It’s been quite some time since I’ve updated my blog. I’ve been reorganizing my life and at the time it didn’t feel like anything blog-worthy was going on, but sometimes it’s good to just write things out. So here it goes.

I packed up my belongings and said goodbye to my students, my friends, and my cozy life in Korea. I spent a long time debating the idea since I enjoyed the security of my life there. I was financially stable. I had a solid income with a low cost of living. I had insurance. I had a private studio apartment within walking distance to my job. In many ways I had a very good life, but I continued to feel anxious and burnt out. I felt like I had money but no time to travel, explore, and enjoy it. I’m not a person who likes to be rushed, so planning weekend trips to international destinations didn’t appeal to me. I wanted to have more adventure at my fingertips. After all, a big draw of teaching English abroad is the new experiences and travel opportunities that can be had so easily. Is a 47 hour work week with 10 vacation days throughout the year truly an adventure? I think I began to feel something similar to “island fever” despite South Korea being a peninsula. But since North Korea is off limits, SK might as well have been a little homogeneous island. Korea had grown on me, and I developed a great love for the food, nightlife, style, music, and skincare, but I was ready for something new and different.

At this point, I felt like I would need a break from teaching. I was tired of helicopter parents, a business-before-education mentality, and micromanaging. I wanted to go somewhere where I could still earn good money, but not teach and not be home. So I got a Working Holiday Visa and moved to Sydney with the promise off high pay and a plethora of jobs for backpackers.
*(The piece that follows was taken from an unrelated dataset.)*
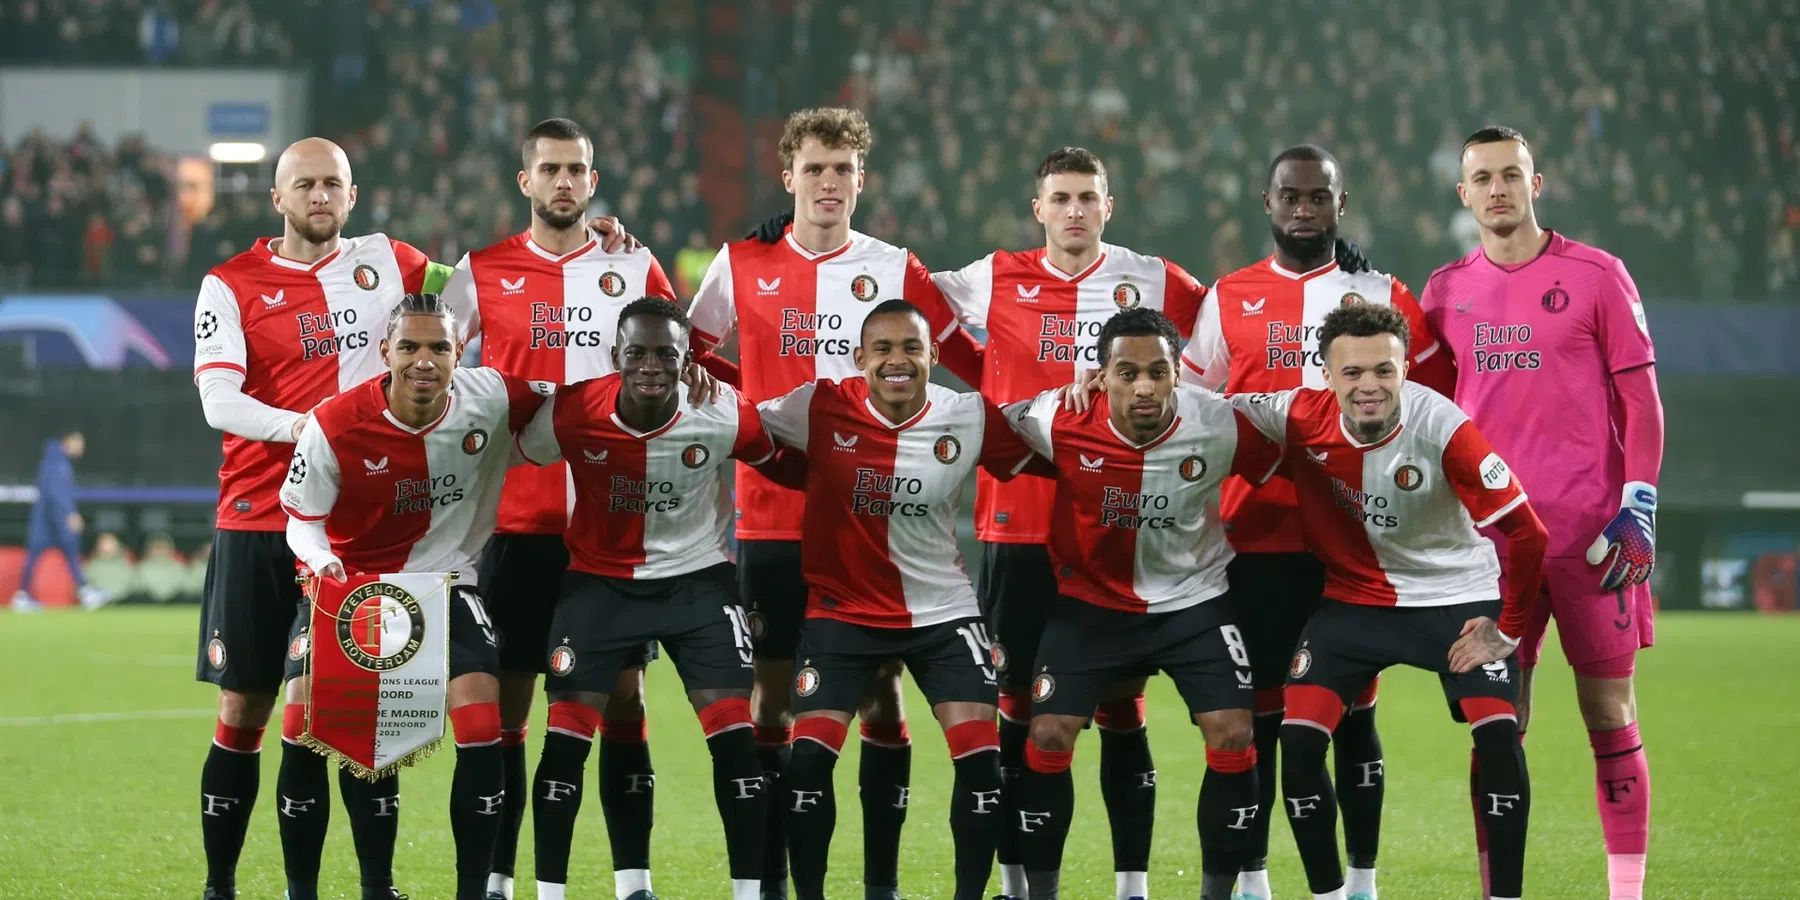 Mogelijke tegenstanders Feyenoord in tussenronde Europa League

I was in awe on my first day in Sydney. The skies were so vividly blue. My skin was warmed by the strong sun. I had a lovely homemade Italian meal with my friend and his family. Life was fresh and wonderful. I found a bartending job pretty quickly after applying to a few on Seek, Gumtree, and Indeed. I got a lot of hours, the work was simple, and my co-workers were from all over the world. I was very happy. Unfortunately within my first weeks of late night shifts, I began to feel unsafe going home. I had a few drunk girls try to fight me on the bus, and I later saw them run off the bus and chase another girl for punching one of them in the face while on that same bus. I had drunk men pester me while waiting at the bus stop to go home, asking me to join them for a drink or asking me to invite them to my place. In that same area, I had a girl pull my backpack and try to intimidate me, and later she tried to empty her ashes from her pipe on my head. There were just too many sketch people around while I tried to make my way home at 2-3 am. A taxi/Uber ride home from the CBD (Central Business District) to the Inner West where I lived was too pricey to consider every night. The trains were not active past midnight to where I needed to go. The bus was my only affordable option and it clearly wasn’t giving me a good impression. Late nights were an important part of my employment, so I decided to leave the job without having another one lined up, and that proved to be a huge mistake.

I began another job hunt within a shorter radius of where I lived to keep my commute to a minimum. I got hired at two other places, both involving bartending, but as a casual worker I was never promised a set amount of hours. One week I had just worked one 4-hour shift. I couldn’t believe that I had secured two jobs and was still struggling. I began to panic a bit, and I lost a lot of confidence in myself. I questioned my life choices and whether I was even employable. Clearly, I was stressed.

It took a while to get back on the right track, and I decided to stray away from bartending in this job hunt. I applied to jobs as a receptionist, cashier, retail employee, and call center staff. I’m currently on a probationary period at a call center job that provides me with consistent hours, and I juggle the other two jobs I’ve had since January along with it. I’ve made some progress to get back onto a stable path, but that period of under-employment made a big dent in my savings.

At this point, I think it would have been smarter to take my savings and move to a country with a lower cost of living than Seoul to make my money stretch. I could have taken a month off to relax and gather my senses and then get back into teaching rather than run to the next destination in search of high earnings. Basically, I realized I ran to Sydney to make money because I felt irresponsible leaving a stable job in Korea, and I justified my move by thinking I would make similar earnings. I allowed a lot of external pressures to influence my feelings and my choices. As much as I tell myself that I made a bad choice, good friends of mine remind me that I had a plan, I took a risk, and even if it didn’t pan out as planned, I learned from it and I can build on it. I’m sensing some new changes coming soon, once again, and though I don’t feel entirely ready for them, my time in Sydney has taught me that money shouldn’t be my main focus, and that even if I find myself in a less-than-picture-perfect situation, I can still have the drive to find a way to make it work. The question is whether I should use that effort here or in a destination that I can more easily afford, especially as an English teacher. We’ll see what happens next.